Allied Nevada Gold Corp. (OTCMKTS:ANVGQ) reported minimal progress in reducing its massive debt load as it struggles to find liquidity to carry on its operations. There seems to be no royalty streaming deal or JV agreement that would de-risk Allied Nevada’s stocks and send prices soaring. The management failed to address the most pressing concerns as the situations becomes dire.
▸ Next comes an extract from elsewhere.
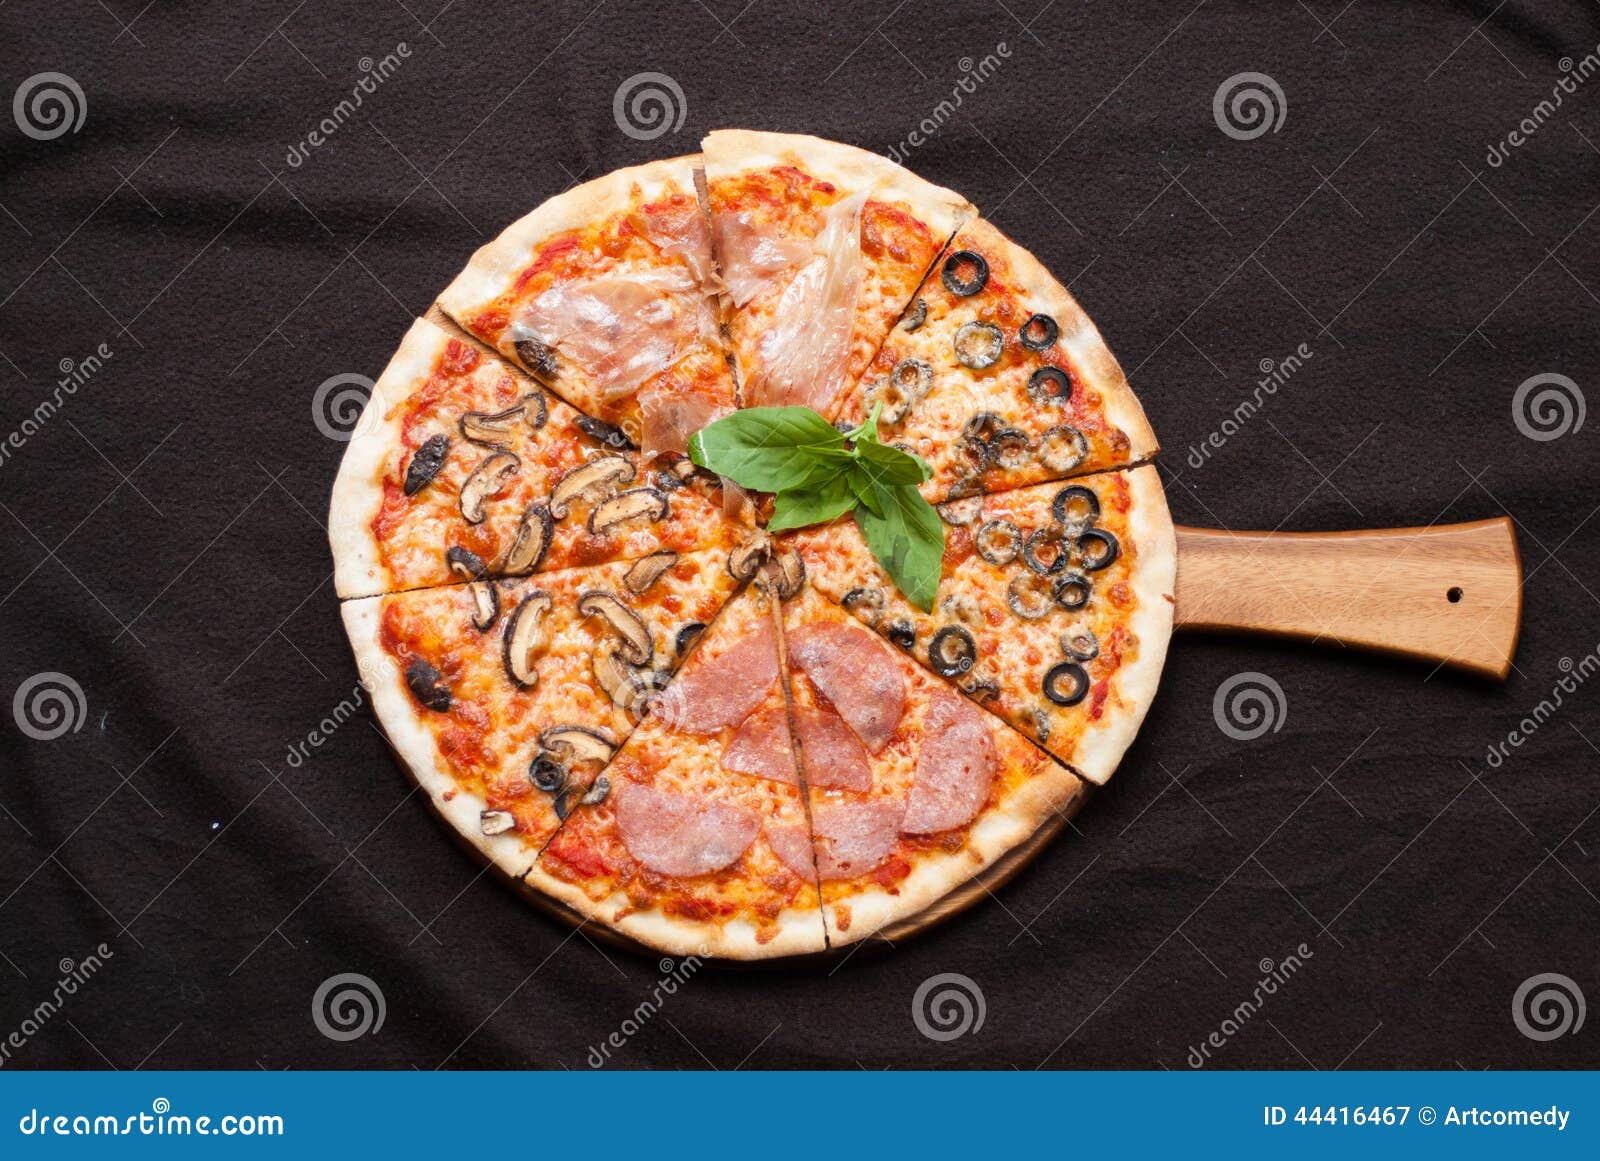 пицца четыре сезона quattro stagioni фото 88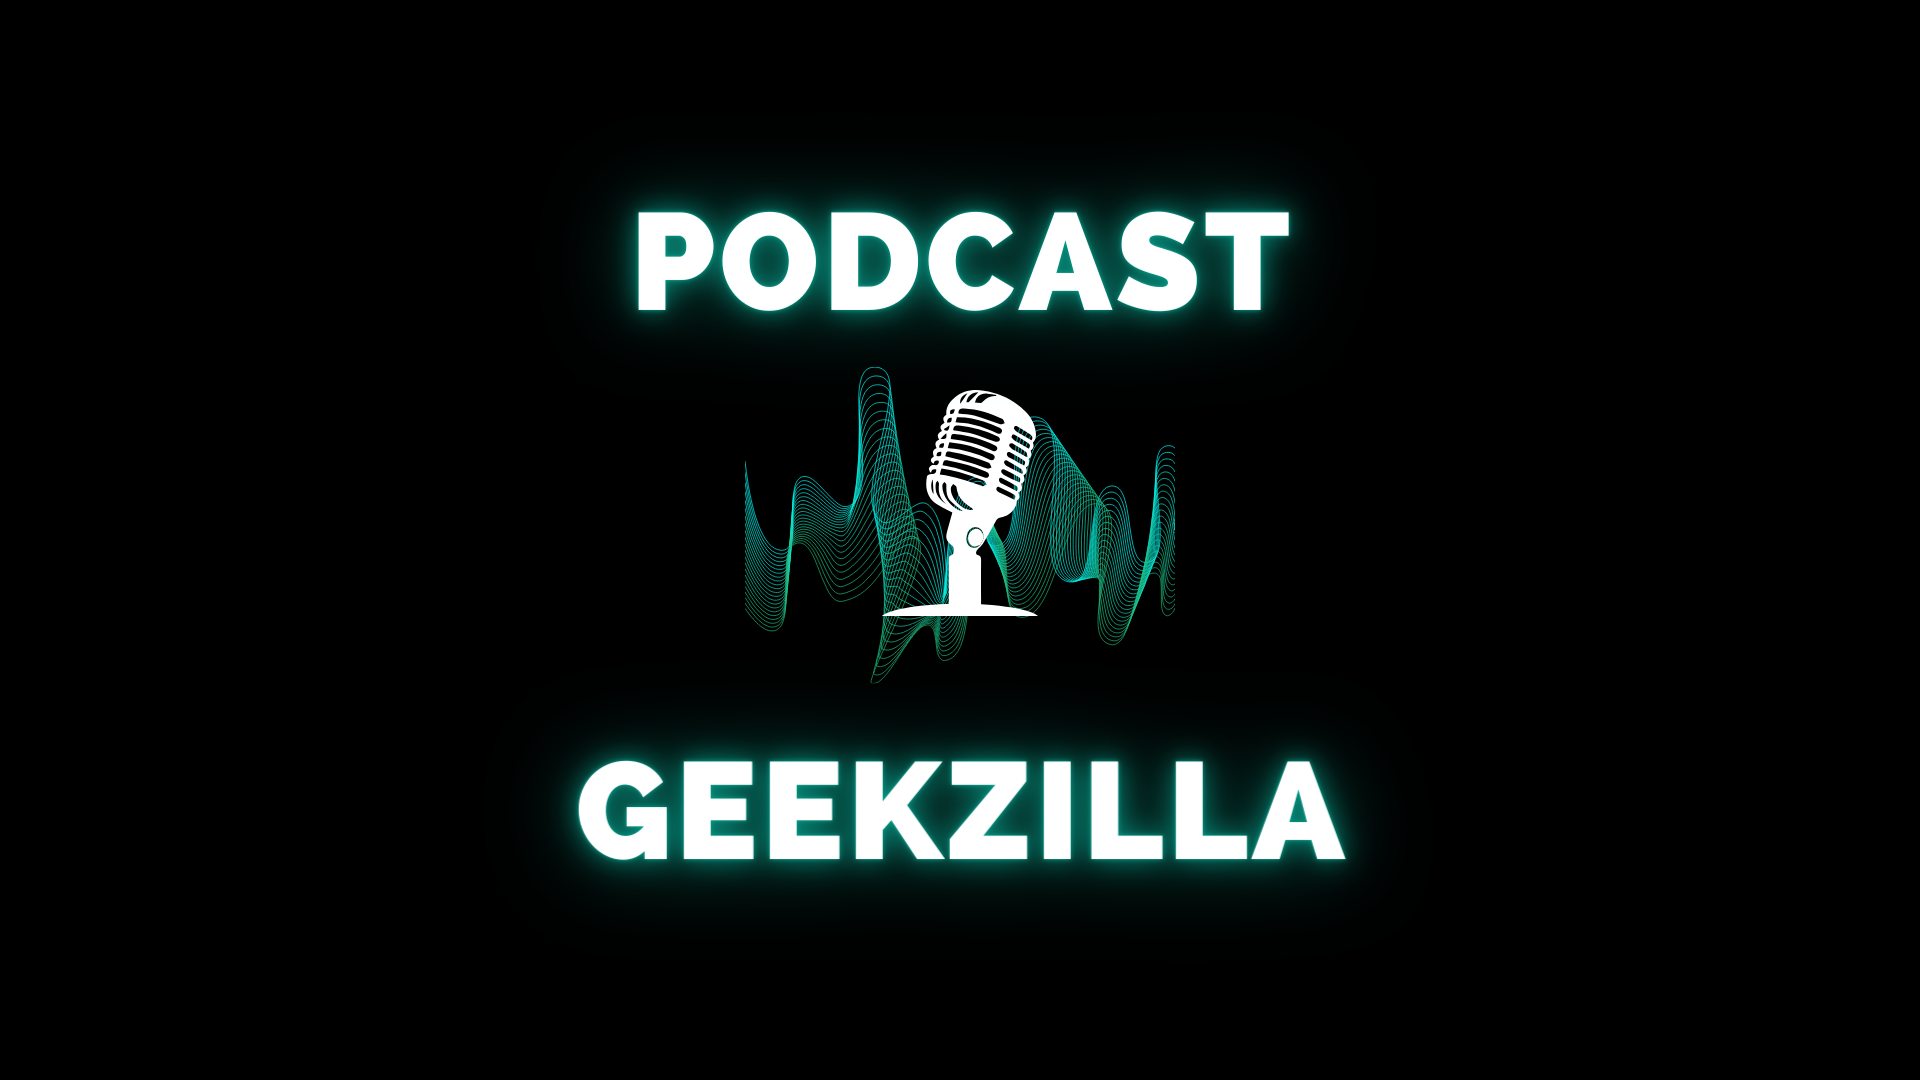 Geekzilla Podcast: Define Geekzilla Podcast and the Platform of Technology

Allied Nevada owns the Hycroft Mine in region Nevada. It is a huge project with almost 250,000 oz. of annual gold production. In developing Hycroft Mine, the company opted for a substantial amount of debt. Also, it ramp-up program coincided with a sharp drop in the gold price, leaving the company in a dismal situation.
The production costs
Allied Nevada Gold Corp. (OTCMKTS:ANVGQ) production costs in 2013 didn’t accounted the financial obligations, indicating that the Hycroft mine was barely reporting a profit. It implies it didn’t consider the impact of slump in the gold prices which would turn down its cash flow negative. Given, the debt load of Allied Nevada, It was a bad situation for the company. On the other hand, rising gold prices would have helped it to mitigate its financing expenses relative to its cash-flow.
The reality check
The gold prices remained weak, and Allied Nevada debt proved to be a burden in FY2014. The production costs surged, and the thin margins failed to compensate for increased operating costs. The market conditions became unfavorable for the company. The market expected that dire financial performance would force Allied Nevada to opt for a JV or a royalty and streaming deal. As of now, it has not materialized. Even if the company managed to get a conservative deal, the stocks would rally as they have tremendous upside. Last month, the company reported its 4Q results which reflected an increase in silver and gold production to almost 250,000 gold equivalent ounces.